Some say extending eviction moratoriums will have the opposite of the intended effect
But others argue that ongoing continuation of the eviction moratoria will have negative, long-term impacts on the housing industry and leave renters in even more debt.
"Though well-intended and politically popular, eviction moratoria do not address the deep financial distress of renters or rental housing providers," said Robert Pinnegar, president and CEO of the National Apartment Association. "Instead, these policies leave renters accruing insurmountable debt while forcing rental housing providers to absorb and operate under substantial losses."
Pinnegar said that even though the federal eviction moratorium has been in place for almost a year, it still took nine months for Congress to pass a rental assistance program that even begins to address the issue of the increasing back-rent owed by millions. Meanwhile, renters and landlords alike were left to rack up debt for months.
He warned that ongoing moratorium extensions are unsustainable and will destroy housing affordability once the pandemic is over.
The country was already facing a severe housing shortage before the pandemic started, according to Pinnegar. Now, he said, the nation faces the very real possibility of losing a significant amount of existing housing to foreclosure.
"When there isn't any money coming in, the first concern is decline in quality of the rental housing stock," Pinnegar said. "Long-term, if owners can't pay their bills, the bank will foreclose and these properties will lose their affordable housing mandate status, further depleting supply."
Pinnegar said the extension of moratoriums are particularly devastating for "mom-and-pop landlords" who own 10 or fewer properties, many of whom have been operating at a deficit for months.
"If you're an owner, you want to help residents stay in their homes, but if you can't afford the mortgage or taxes on the property, your hands are tied," he said.

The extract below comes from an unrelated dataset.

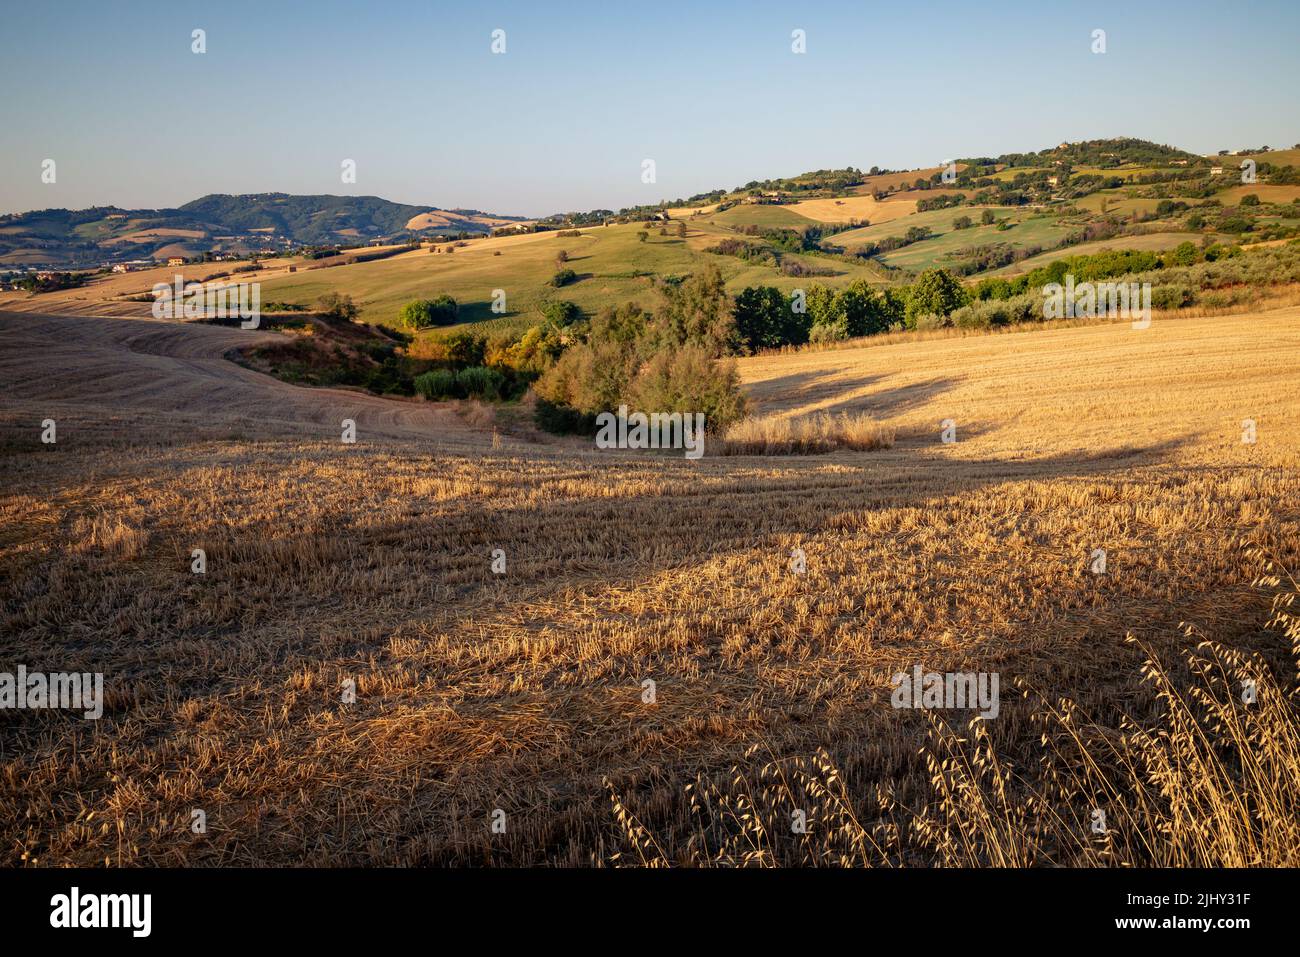 Vista dei campi nei pressi di Tavullia in provincia di Pesaro e Urbino nelle Marche, al mattino dopo l'alba Foto Stock

"The only responsible solution that addresses the unique needs of renters and rental housing providers is swift, substantial, targeted rental assistance that addresses both the current deficit and continuing financial hardship," Pinnegar said.

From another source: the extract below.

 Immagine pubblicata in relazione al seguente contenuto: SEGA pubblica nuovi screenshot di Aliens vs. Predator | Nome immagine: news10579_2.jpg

Evictions aren't only a housing issue
Saadian and Pinnegar agree that the impacts of the COVID-caused rental crisis extend far beyond the housing market.

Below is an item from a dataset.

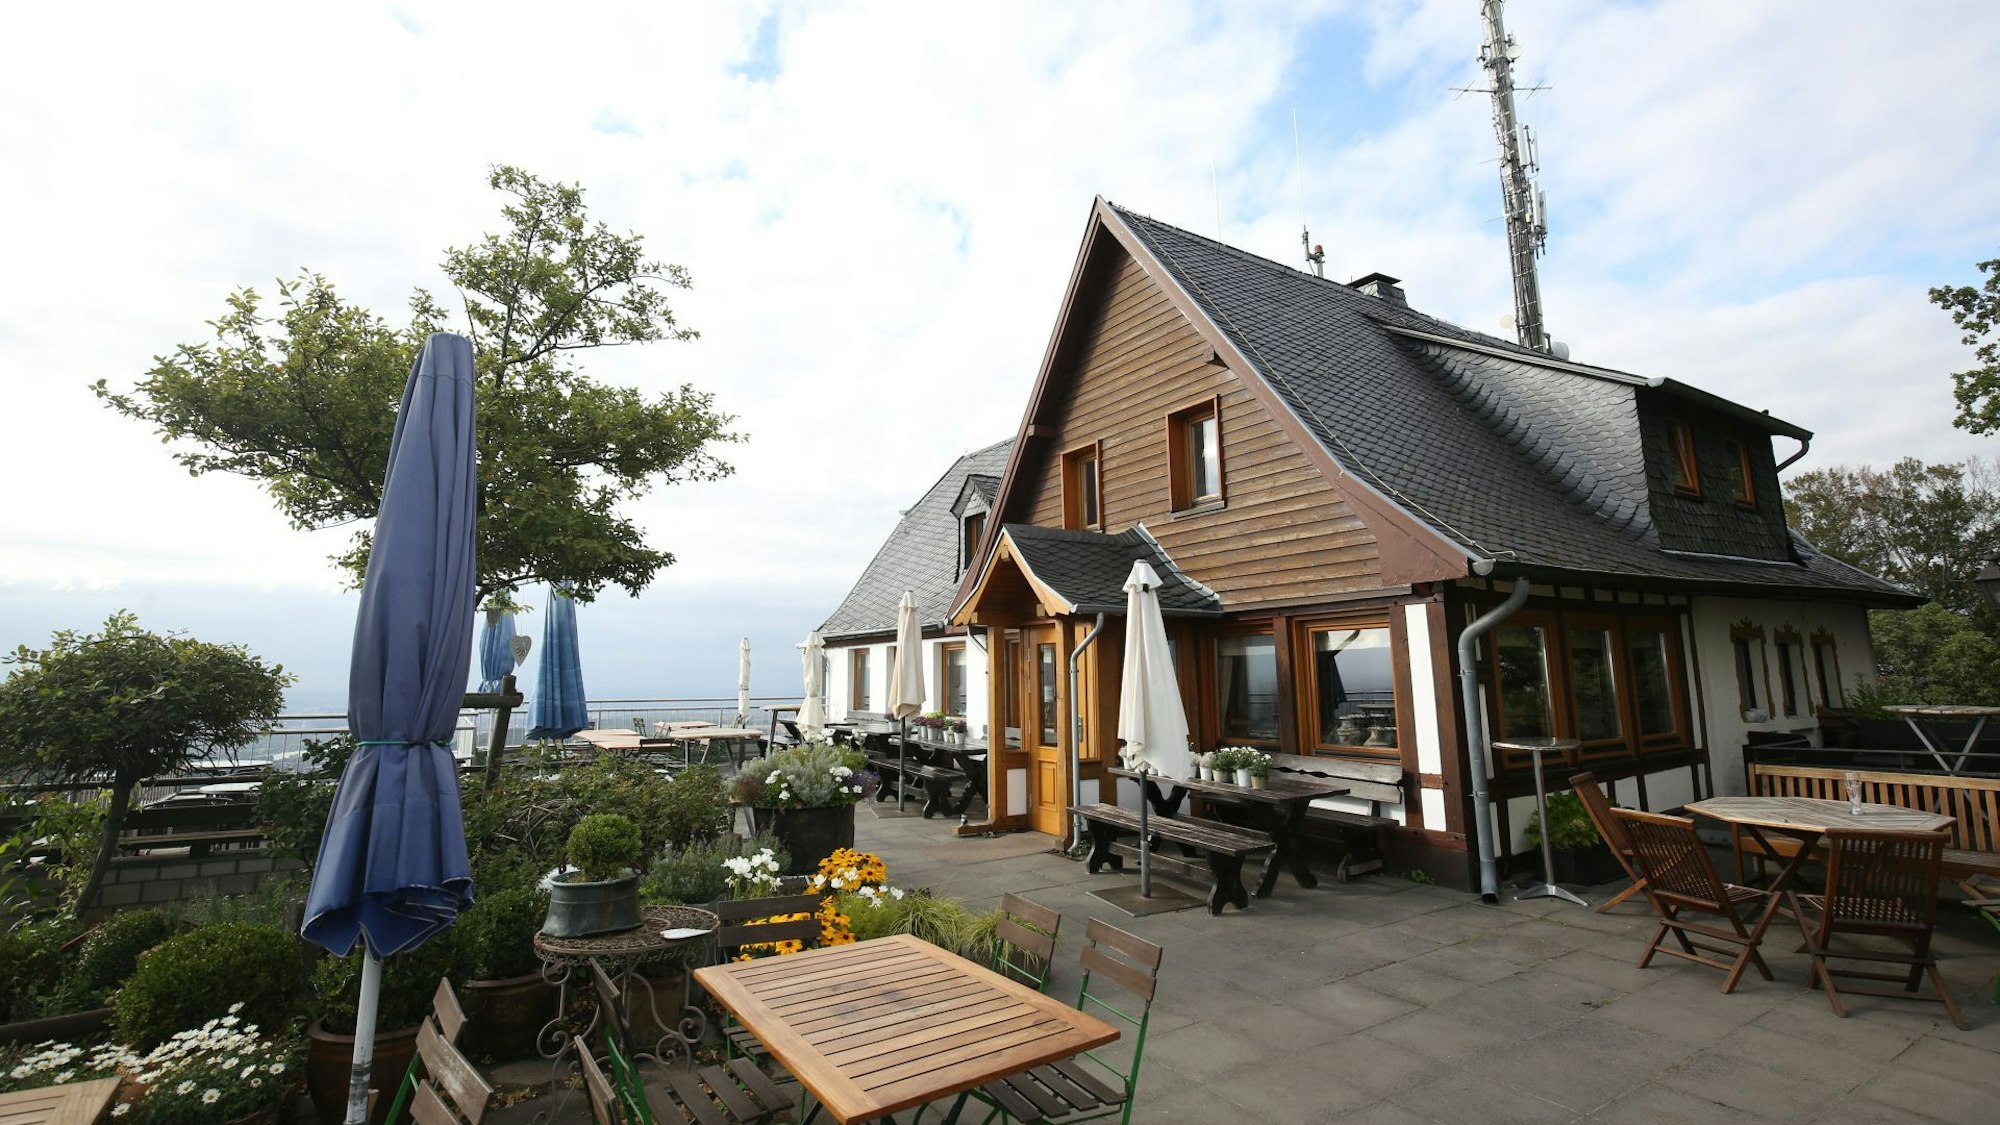 Ein holzverkleidetes Gasthaus, vor dem Holztische und Sonnenschirme stehen. Die Silhouette des Siebengebirges ist zu erkennen.

"When rent goes unpaid, owners can't afford property taxes - which fund schools, firefighters - or routine maintenance, causing units to fall into disrepair and hurting neighborhoods," Pinnegar said.
Saadian emphasized that allowing evictions as cases continue to spike is not just unethical, but dangerous.
"It's a really good measure to keep people in their homes during the course of the pandemic because there is a clear connection between evictions and the spread of COVID and additional deaths," Saadian said. "So we see this as a public health issue as much of a housing issue."
Saadian also stressed that similar to the virus itself, the housing and rental crisis has hit communities of color especially hard. Even before the pandemic, people of color were disproportionately more likely to be burdened by housing costs and experiencing homelessness.
"All of this is adding up to a tremendous impact on racial inequities and it's really important that we make sure that when we're talking about solutions or providing emergency rental assistance, that we're doing it in a way that reaches the most marginalized people," Saadian said.
Still, advocates expressed hopefulness that Biden's prompt attention to the issue means future and further rental assistance is coming.
"Housing touches nearly every aspect of a person's life, and there's so much evidence that evictions and housing instability have huge impacts on your educational outcome, your health, your long-term economic success," Saadian said. "It touches everything. It hits so many people."